# WORK TO COMPLETE
Copy every line from the one containing "25 Years Later: Schwarzenegger's" through the last line of the records below, both included, and nothing else.

# DATA PROVIDED

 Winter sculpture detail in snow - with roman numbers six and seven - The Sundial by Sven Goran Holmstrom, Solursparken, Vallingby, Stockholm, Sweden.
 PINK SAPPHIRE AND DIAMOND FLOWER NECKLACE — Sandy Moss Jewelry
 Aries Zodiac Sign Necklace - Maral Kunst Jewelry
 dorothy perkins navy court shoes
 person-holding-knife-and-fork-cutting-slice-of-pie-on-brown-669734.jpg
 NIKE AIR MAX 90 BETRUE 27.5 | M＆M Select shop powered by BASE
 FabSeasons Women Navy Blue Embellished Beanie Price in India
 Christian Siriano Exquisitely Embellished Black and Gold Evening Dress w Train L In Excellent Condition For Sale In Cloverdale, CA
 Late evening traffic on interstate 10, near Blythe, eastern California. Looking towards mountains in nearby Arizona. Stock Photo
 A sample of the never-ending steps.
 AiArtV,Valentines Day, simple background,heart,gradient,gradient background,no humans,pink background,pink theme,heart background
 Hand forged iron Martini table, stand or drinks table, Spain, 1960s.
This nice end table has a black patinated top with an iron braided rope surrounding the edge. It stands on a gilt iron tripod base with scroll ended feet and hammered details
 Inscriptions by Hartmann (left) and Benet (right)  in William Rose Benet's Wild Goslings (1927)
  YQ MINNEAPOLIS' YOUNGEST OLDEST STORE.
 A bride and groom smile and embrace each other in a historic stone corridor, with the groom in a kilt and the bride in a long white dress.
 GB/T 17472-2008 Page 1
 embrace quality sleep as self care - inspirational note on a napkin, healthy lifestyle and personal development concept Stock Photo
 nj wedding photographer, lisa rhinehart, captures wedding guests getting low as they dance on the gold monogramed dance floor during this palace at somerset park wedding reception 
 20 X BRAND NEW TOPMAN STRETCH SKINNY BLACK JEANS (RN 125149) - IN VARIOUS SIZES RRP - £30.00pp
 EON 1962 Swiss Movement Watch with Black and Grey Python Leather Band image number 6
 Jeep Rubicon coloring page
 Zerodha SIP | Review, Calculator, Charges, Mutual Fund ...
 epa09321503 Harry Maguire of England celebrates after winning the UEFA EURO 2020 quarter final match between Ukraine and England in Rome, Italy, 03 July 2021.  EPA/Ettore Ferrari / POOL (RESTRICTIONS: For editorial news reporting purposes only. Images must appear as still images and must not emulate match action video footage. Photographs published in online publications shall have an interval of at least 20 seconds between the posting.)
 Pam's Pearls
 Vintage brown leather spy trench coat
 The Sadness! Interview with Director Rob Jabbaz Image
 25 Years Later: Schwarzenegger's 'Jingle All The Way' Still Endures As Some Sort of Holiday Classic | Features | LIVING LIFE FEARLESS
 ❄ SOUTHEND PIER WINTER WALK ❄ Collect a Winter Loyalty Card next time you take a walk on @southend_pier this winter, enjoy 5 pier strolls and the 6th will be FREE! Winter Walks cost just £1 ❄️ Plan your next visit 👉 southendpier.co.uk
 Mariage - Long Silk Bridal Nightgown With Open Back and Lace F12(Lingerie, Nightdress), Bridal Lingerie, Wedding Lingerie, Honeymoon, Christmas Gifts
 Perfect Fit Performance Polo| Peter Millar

# ANSWER TO THE PROBLEM
 25 Years Later: Schwarzenegger's 'Jingle All The Way' Still Endures As Some Sort of Holiday Classic | Features | LIVING LIFE FEARLESS
 ❄ SOUTHEND PIER WINTER WALK ❄ Collect a Winter Loyalty Card next time you take a walk on @southend_pier this winter, enjoy 5 pier strolls and the 6th will be FREE! Winter Walks cost just £1 ❄️ Plan your next visit 👉 southendpier.co.uk
 Mariage - Long Silk Bridal Nightgown With Open Back and Lace F12(Lingerie, Nightdress), Bridal Lingerie, Wedding Lingerie, Honeymoon, Christmas Gifts
 Perfect Fit Performance Polo| Peter Millar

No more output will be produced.